Pe. Mário Pizetta, ssp
Pároco


“SERÃO OS DOIS NUMA SÓ CARNE” X “POR CAUSA DA DUREZA DO SEU CORAÇÃO”

O 27º domingo do tempo comum, ano B, nos leva a refletir sobre um dos problemas da Família: a separação.

Na 1ª leitura, o texto nos mostra a criação da mulher. Deus havia criado o homem e este ao olhar sobre todos os seres criados não encontrou algum semelhante a ele, por isso Deus o fez entrar num sono profundo e de sua costela fez a mulher (cf. Gn 2,18-24).

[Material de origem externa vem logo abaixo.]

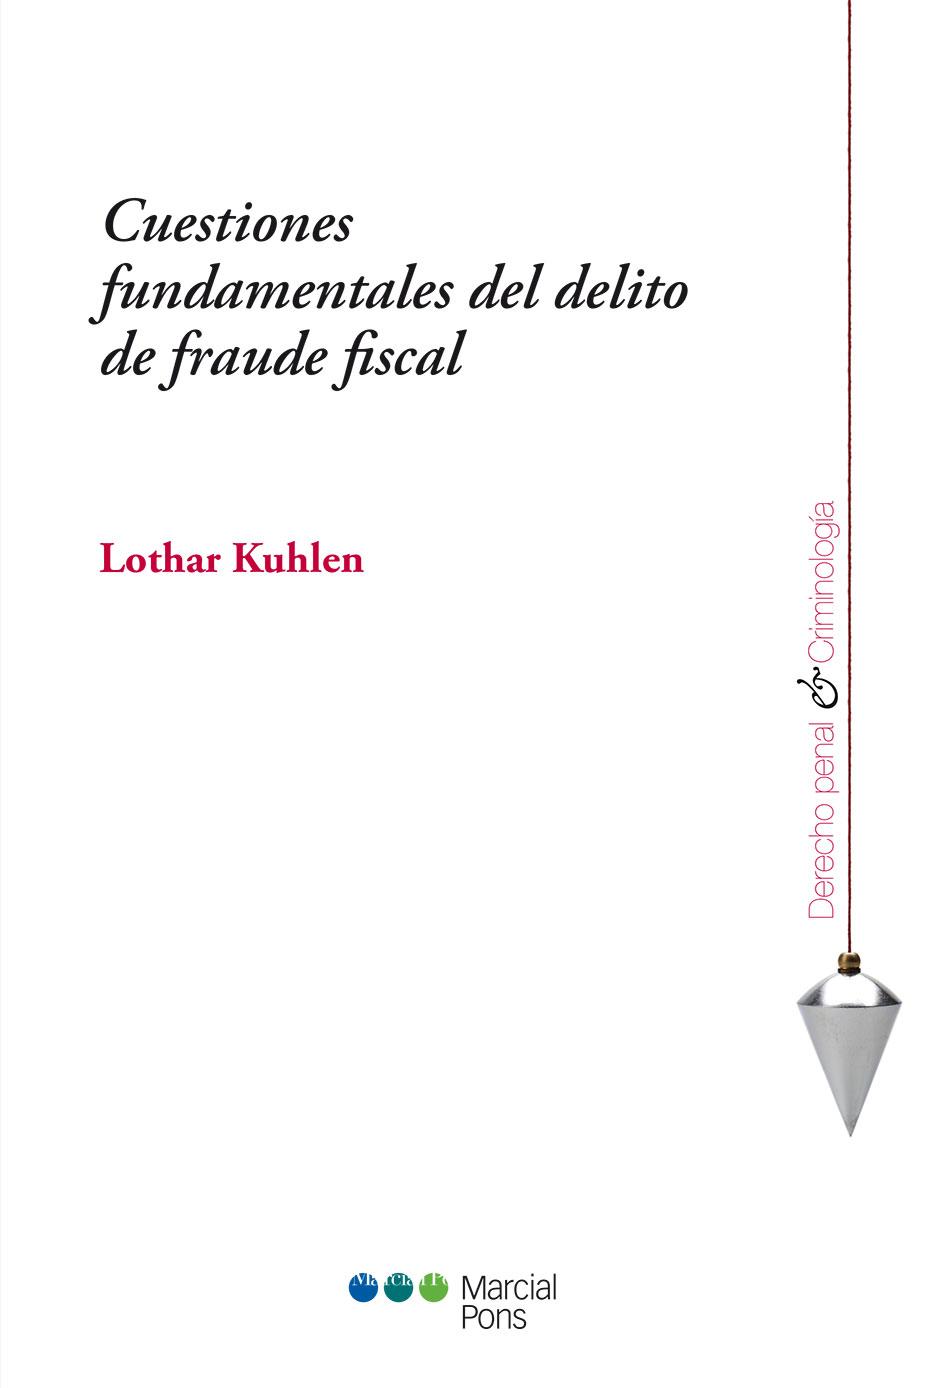 Portada del libro Cuestiones fundamentales del delito de fraude fiscal

No evangelho, os fariseus interrogam Jesus sobre a separação do homem e da mulher. Jesus, não responderá aos fariseus, mas retorna a obra criadora do Pai e dirá que tudo isto acontece por causa da dureza do seu coração, não compreendendo que os dois são uma só carne (cf. Mc 10, 2-16).

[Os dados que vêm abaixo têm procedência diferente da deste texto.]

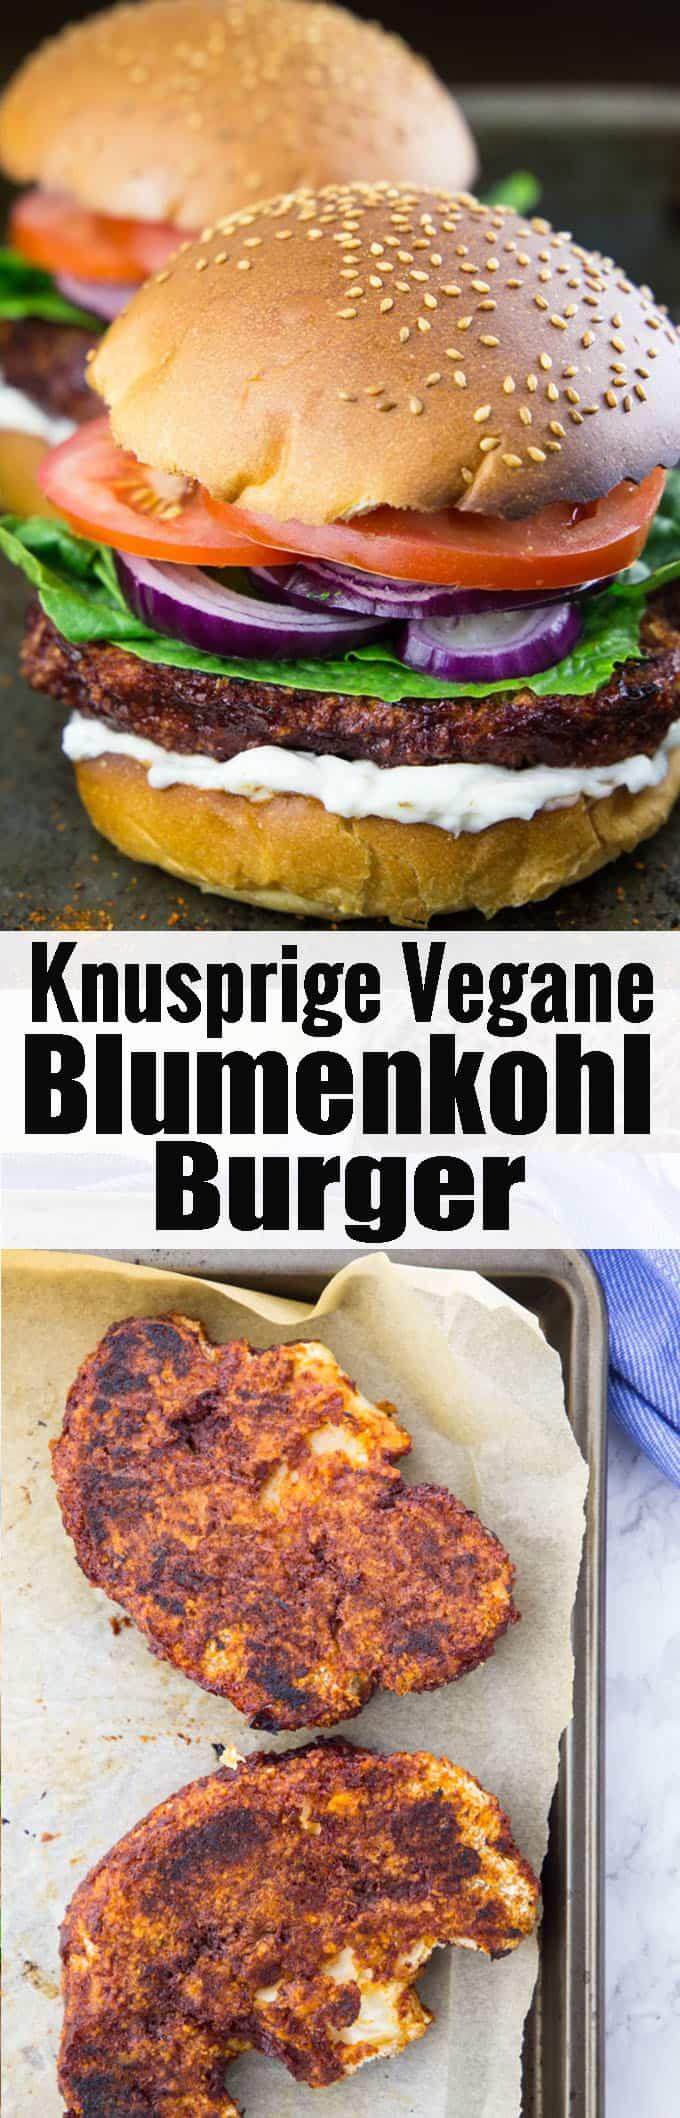 Super leckerer veganer Burger mit knusprigen BBQ Blumenkohl Burger Patties! Vegane Rezepte können so lecker sein! Mehr vegetarische Rezepte und Grillrezepte findet ihr auf meinem Food Blog veganheaven.de

Na segunda leitura, o autor da carta dos hebreus, reconhece a grandeza de Jesus sobre todas as coisas criadas, e o estabelece como centro de toda a criação (Hb 2,9-11).

Nos dias de hoje, vivemos um tempo de dificuldades na realidade da família. Grande parte das pessoas fazem experiência de união antes de assumir o matrimônio, os filhos não são mais a principal preocupação. Muitos daqueles que abraçam o casamento, separam-se antes mesmo de completar cinco, dez anos. E quando possuem filhos, estes ficam de um lado para outro, provocando desestruturações da vida da criança.

Estamos no mês missionário, rezemos para que sejamos cada mais uma Igreja Missionária.